News Release

Chemical pollution and human sewage could be killing corals

Peer-Reviewed Publication

University of Illinois at Urbana-Champaign, News Bureau

BOSTON — You can forget global warming as the sole culprit. A combination of human sewage and shipyard discharge may be responsible for the development and spread of deadly black band disease in corals, researchers at the University of Illinois say.

“Black band disease is characterized by a ring-shaped bacterial mat that migrates across a coral colony, leaving dead tissue in its wake,” said UI geologist Bruce Fouke. “Like a tropical rainforest, a coral reef system is a cradle of biodiversity. If we destroy the reefs, we destroy the ocean’s ability to reproduce.”

To better understand the disease, Fouke and his colleagues, UI microbiologist Abigail Salyers and postdoctoral researchers George Bonheyo and Jorge Frias-Lopez, studied corals off the island of Curacao in the Netherlands Antilles, near the Venezuelan coast. First, the researchers mapped outbreaks of the disease along the reef. Then they looked for metals such as aluminum, cadmium and zinc that are common pollutants from shipyards and oil refineries.

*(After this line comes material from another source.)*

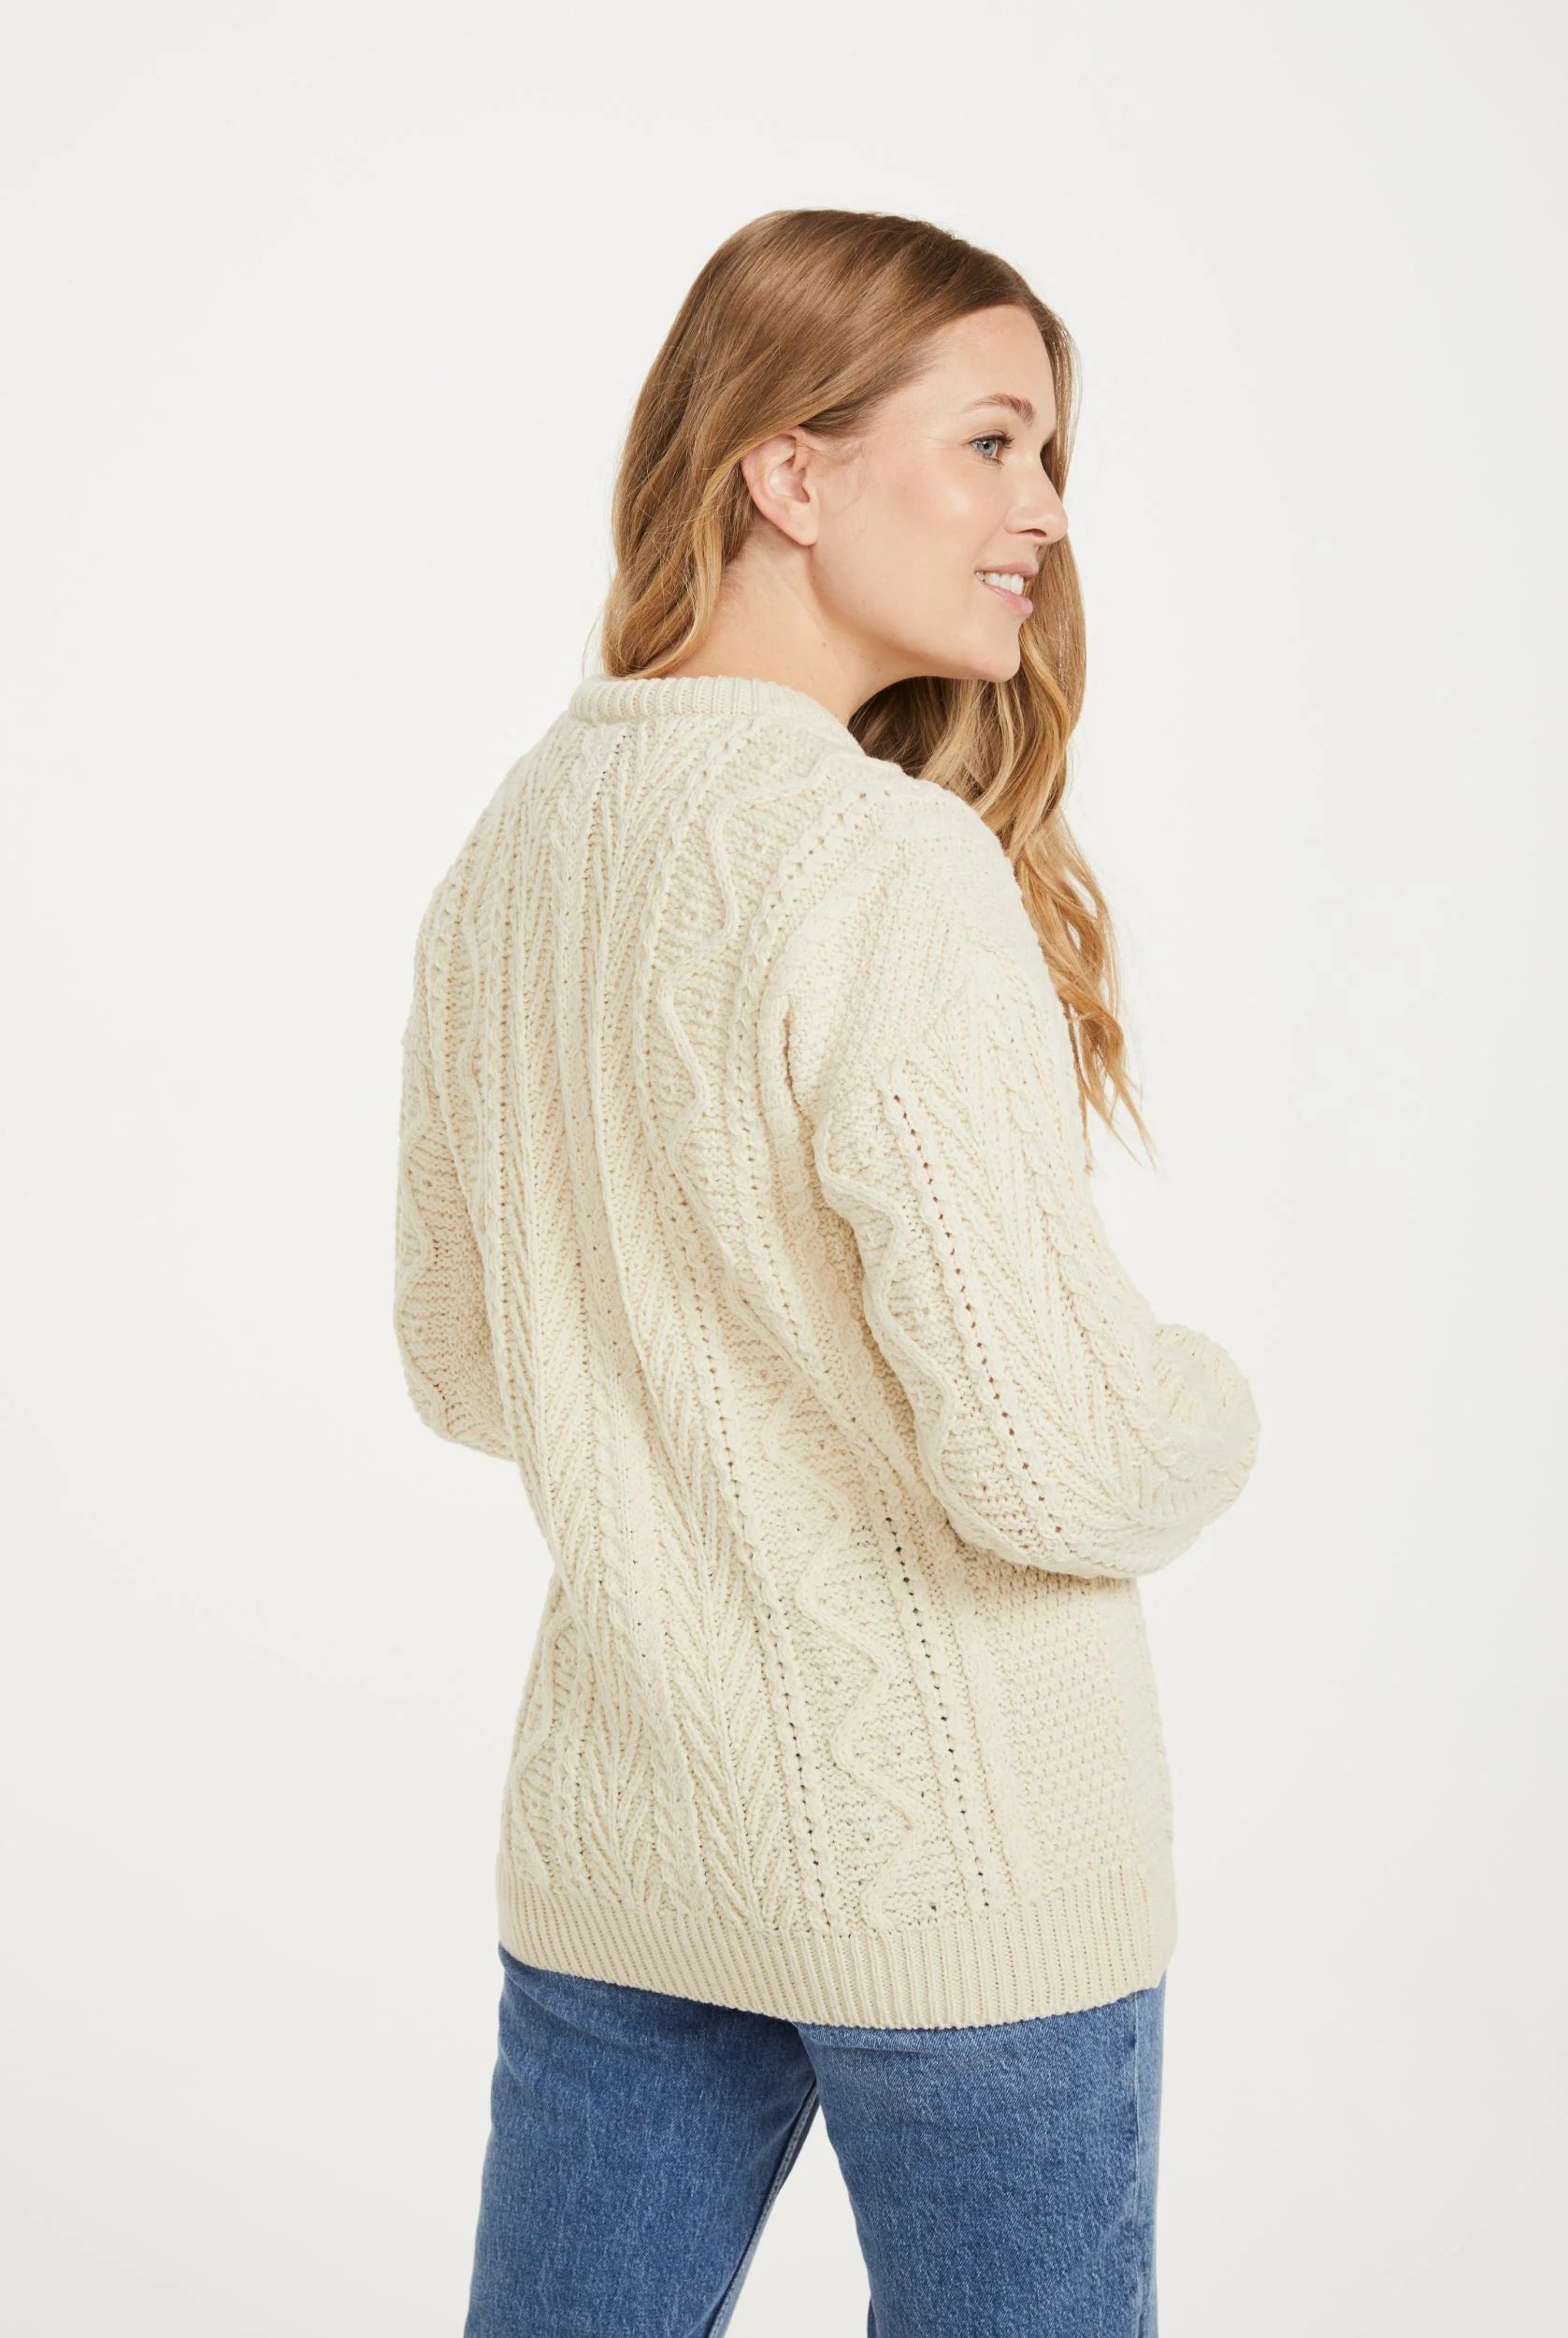 Newgrange Traditional Ladies Aran Sweater - Cream B223

“The highest number of infected corals, as well as the highest concentration of dissolved metals, occurred near the city of St. Annabaai, which has a major harbor and one of the largest oil refineries in the Caribbean,” Fouke said. “This suggests that diseased coral may be experiencing increased environmental stress due to pollution, which in turn decreases the coral’s resistance to bacterial infection.” Healthy corals contain a natural population of bacteria within a mucous-rich biofilm that provides protection from light, exposure and sedimentation, Fouke said. “Environmental stresses cause corals to secrete more of this mucous to coat their outer tissues. This leads to elevated levels of natural microbial populations, as well as the introduction of new, potentially harmful bacterial populations.”

To identify the microbes inhabiting the black band biomat, the researchers extracted the microbes’ DNA, amplified and sequenced it. They found several organisms, including Arcobacter and Campylobacter, which are human pathogens and could be a direct link to raw sewage. Also present in the biomat was a ropy network of cyanobacteria, a unique group of photosynthetic bacteria that cannot live without light. In field experiments, the researchers used shields to block light from infected corals. Black band disease disappeared from the regions that were not exposed to light.

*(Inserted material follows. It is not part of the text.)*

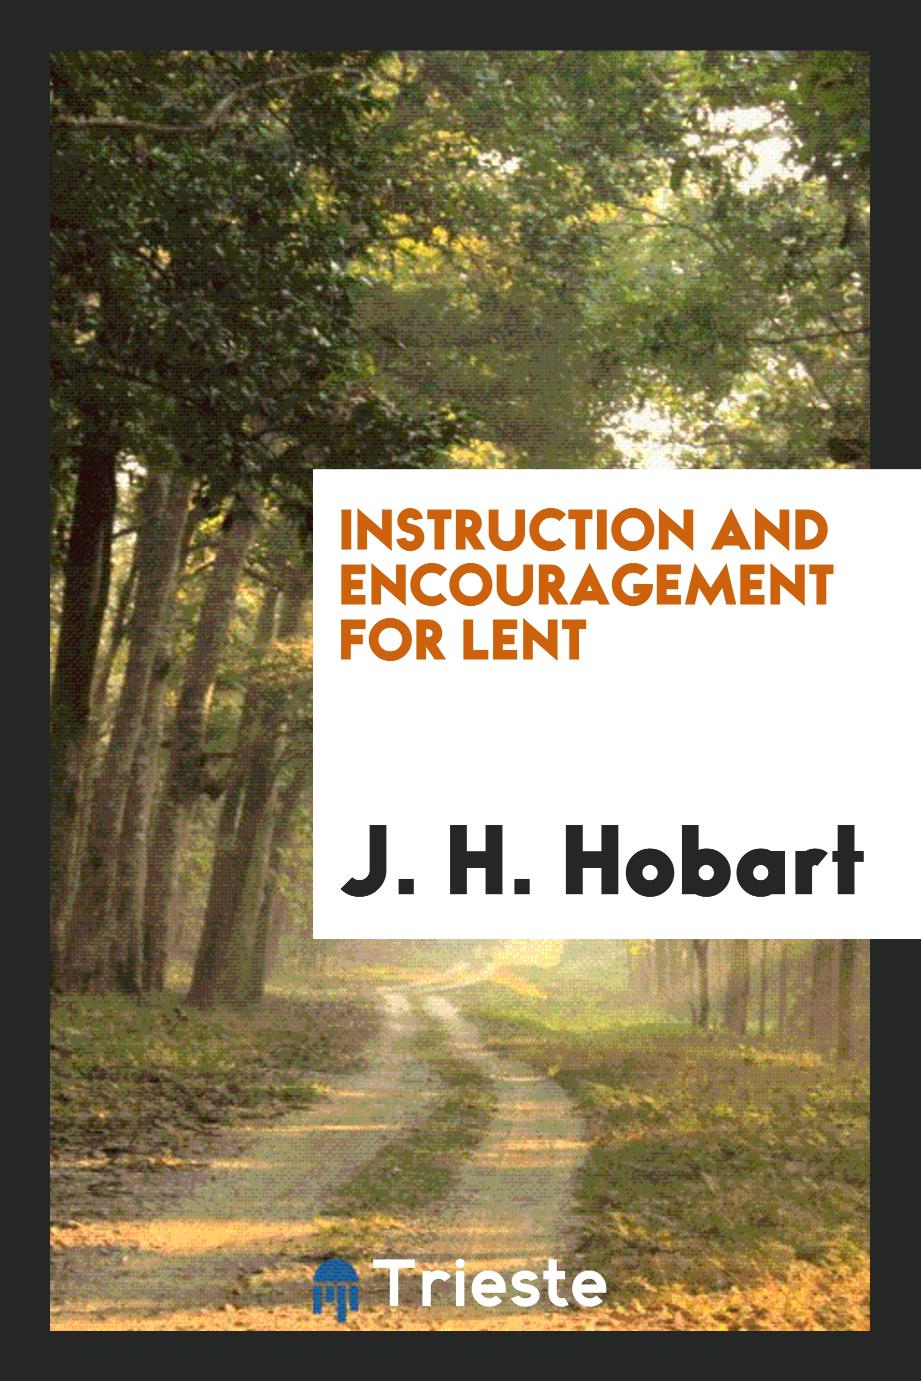 Instruction and encouragement for Lent

“This indicates that cyanobacteria are an important part of the disease development, but may not be the pathogen,” Fouke said. “Perhaps the cyanobacteria form an apartment complex, allowing a variety of destructive anaerobic bacteria to take up residence in the low-oxygen microenvironment.”

Many more tests are needed to identify what is killing the coral, Fouke said. “But, the present trilogy of disease distribution, high metal concentrations and presence of human pathogens creates a signpost, at least, that human pollution is playing a role.”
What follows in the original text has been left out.